* _What is expected_
Write out the entries below exactly, but only from the line containing "photo of girls playing golf" through the line containing "#nursery #kidsroom #yellow #grey", and without the pictures.

* _Source information_
=== Begin Enclosure ===

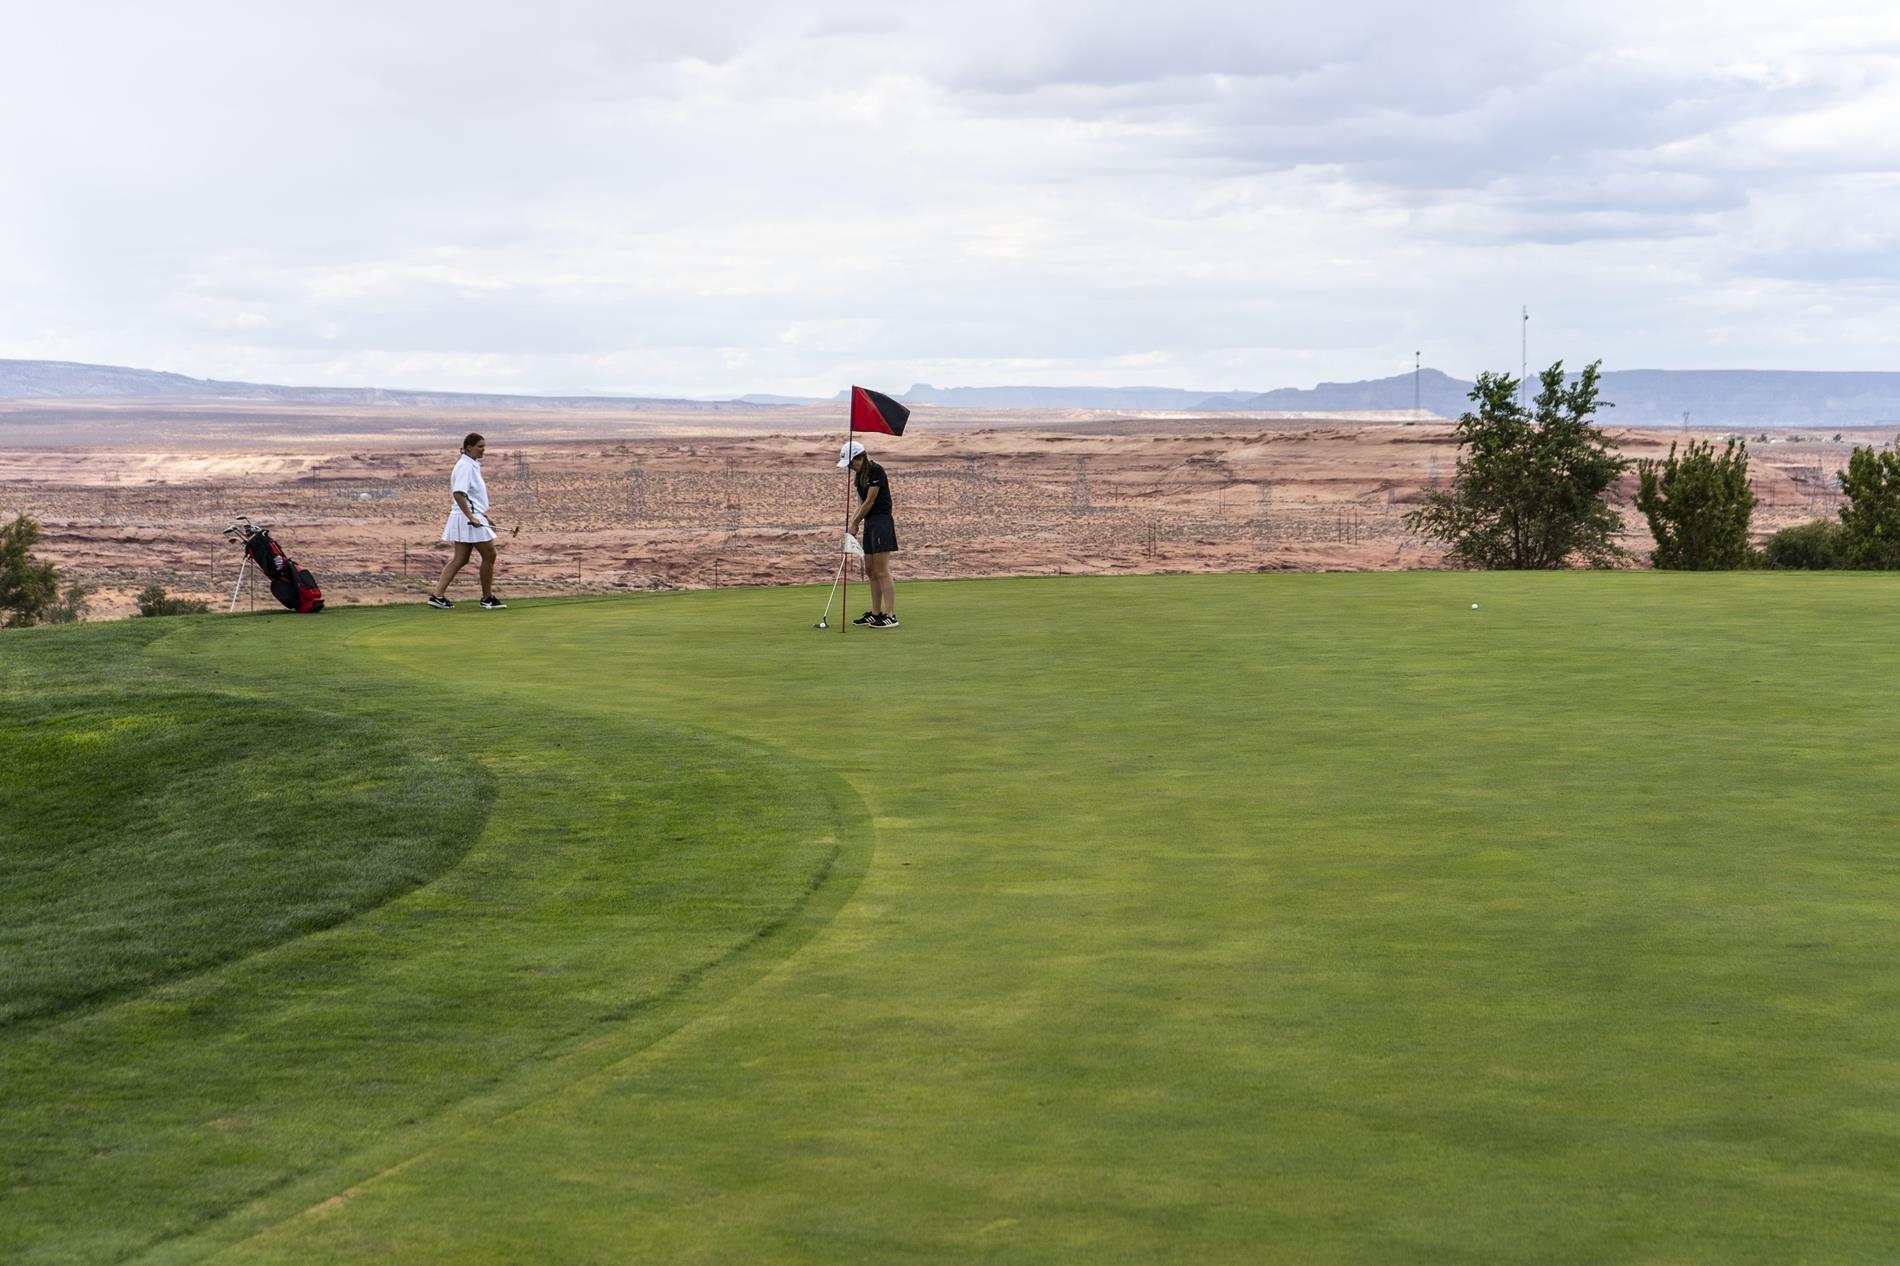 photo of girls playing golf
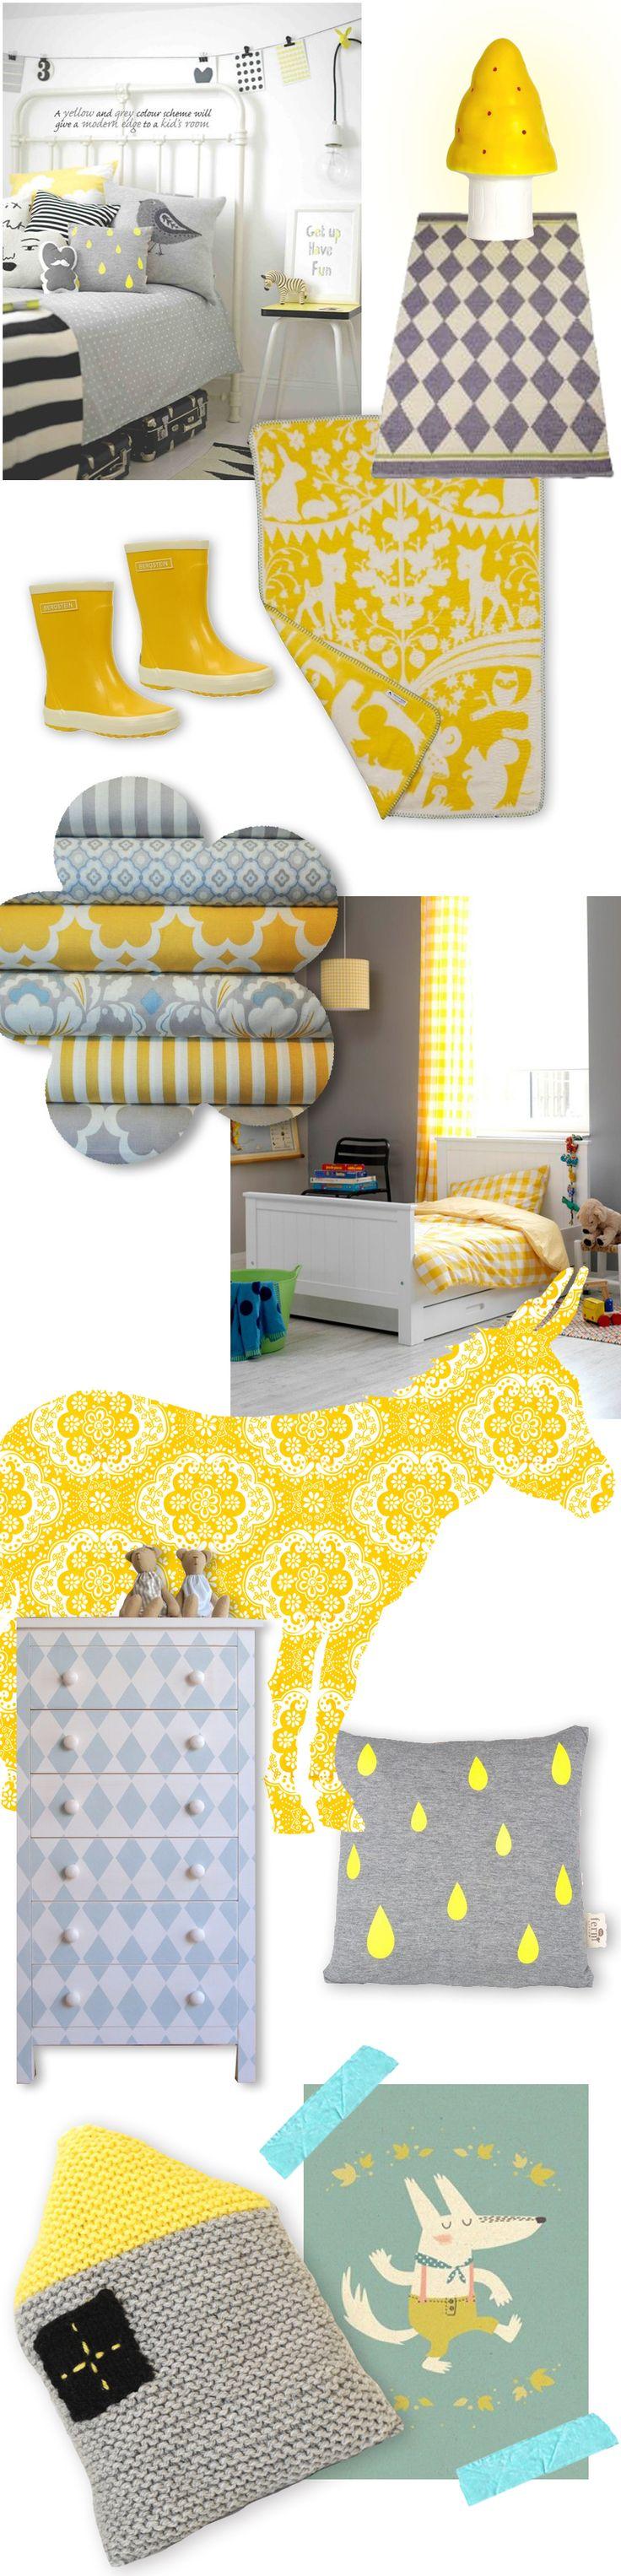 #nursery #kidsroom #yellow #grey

=== End Enclosure ===
=== Begin Enclosure ===

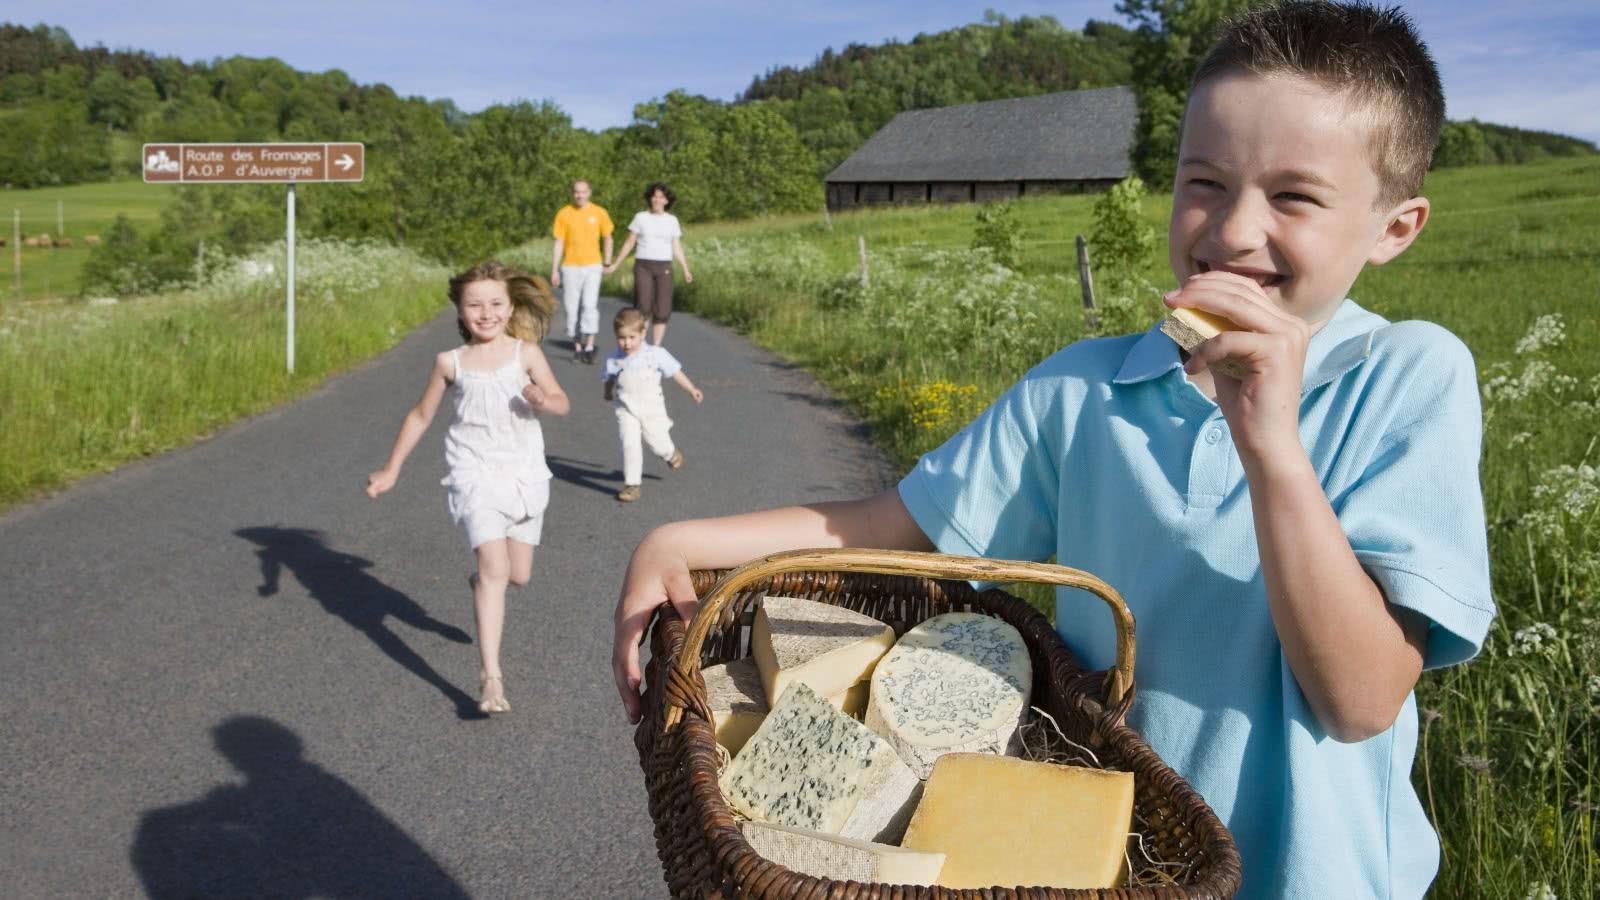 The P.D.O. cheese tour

=== End Enclosure ===
=== Begin Enclosure ===

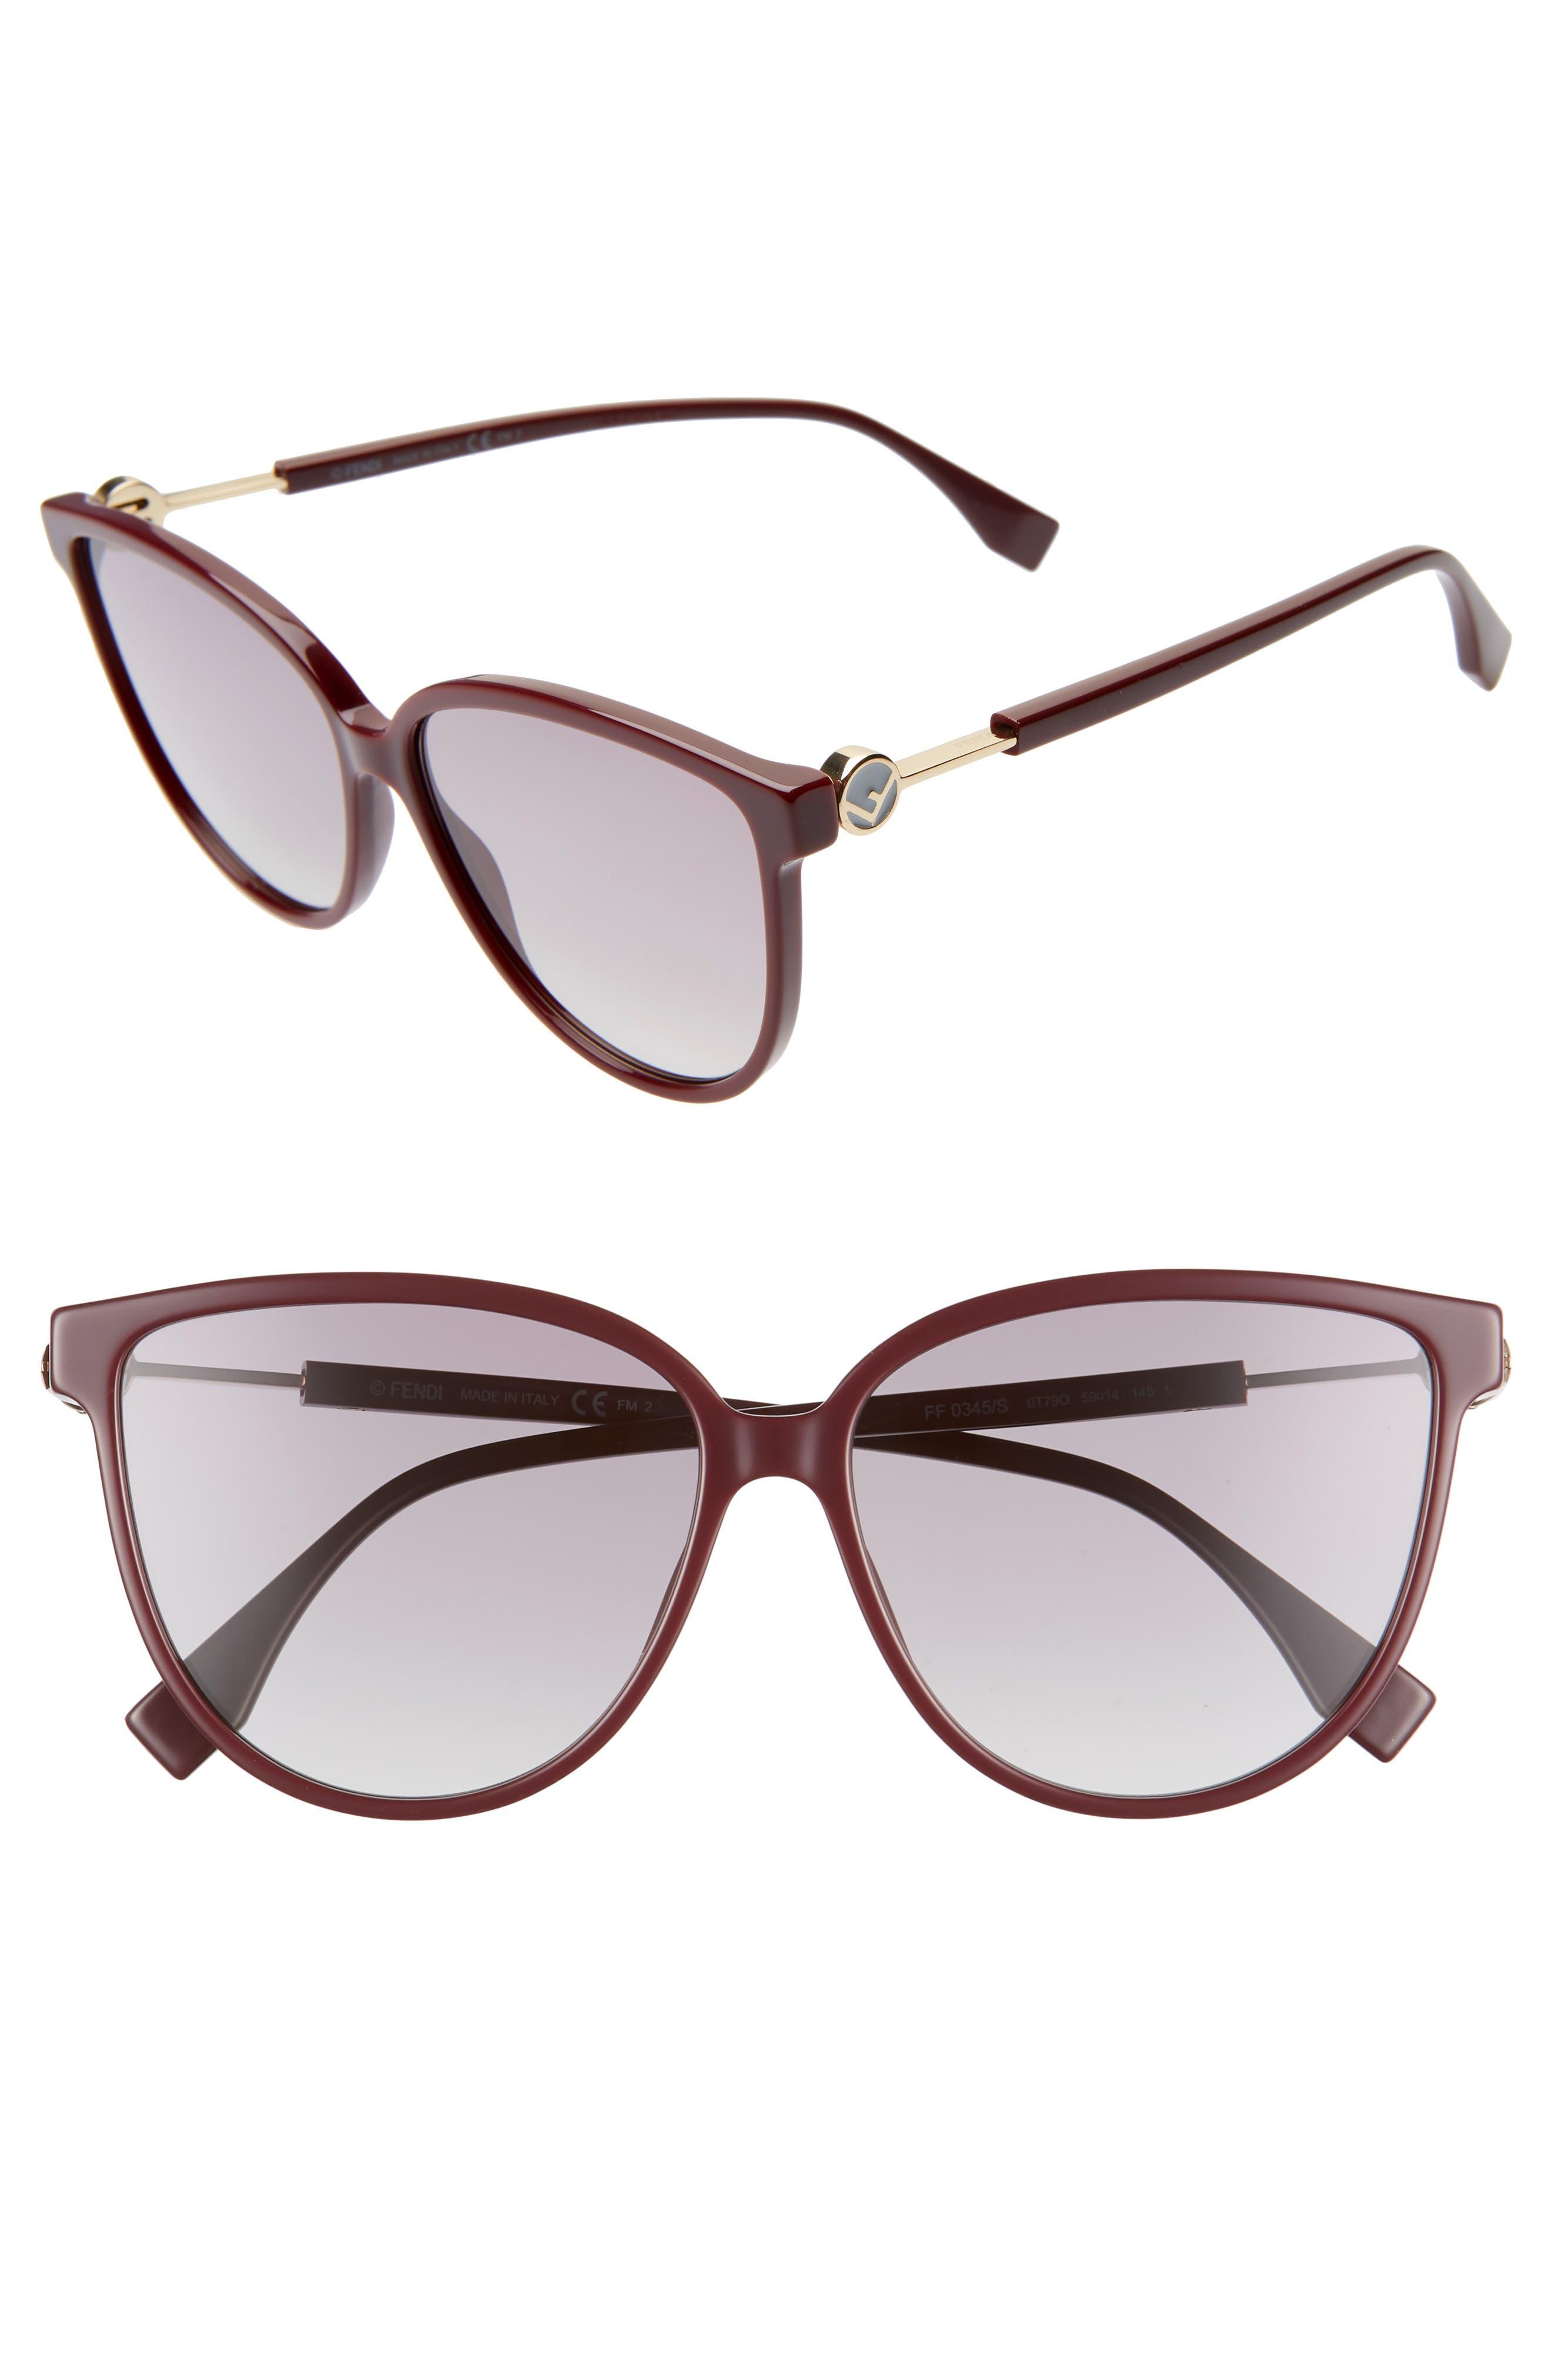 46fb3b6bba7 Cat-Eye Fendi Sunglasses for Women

=== End Enclosure ===

* _Reply_
 photo of girls playing golf
 #nursery #kidsroom #yellow #grey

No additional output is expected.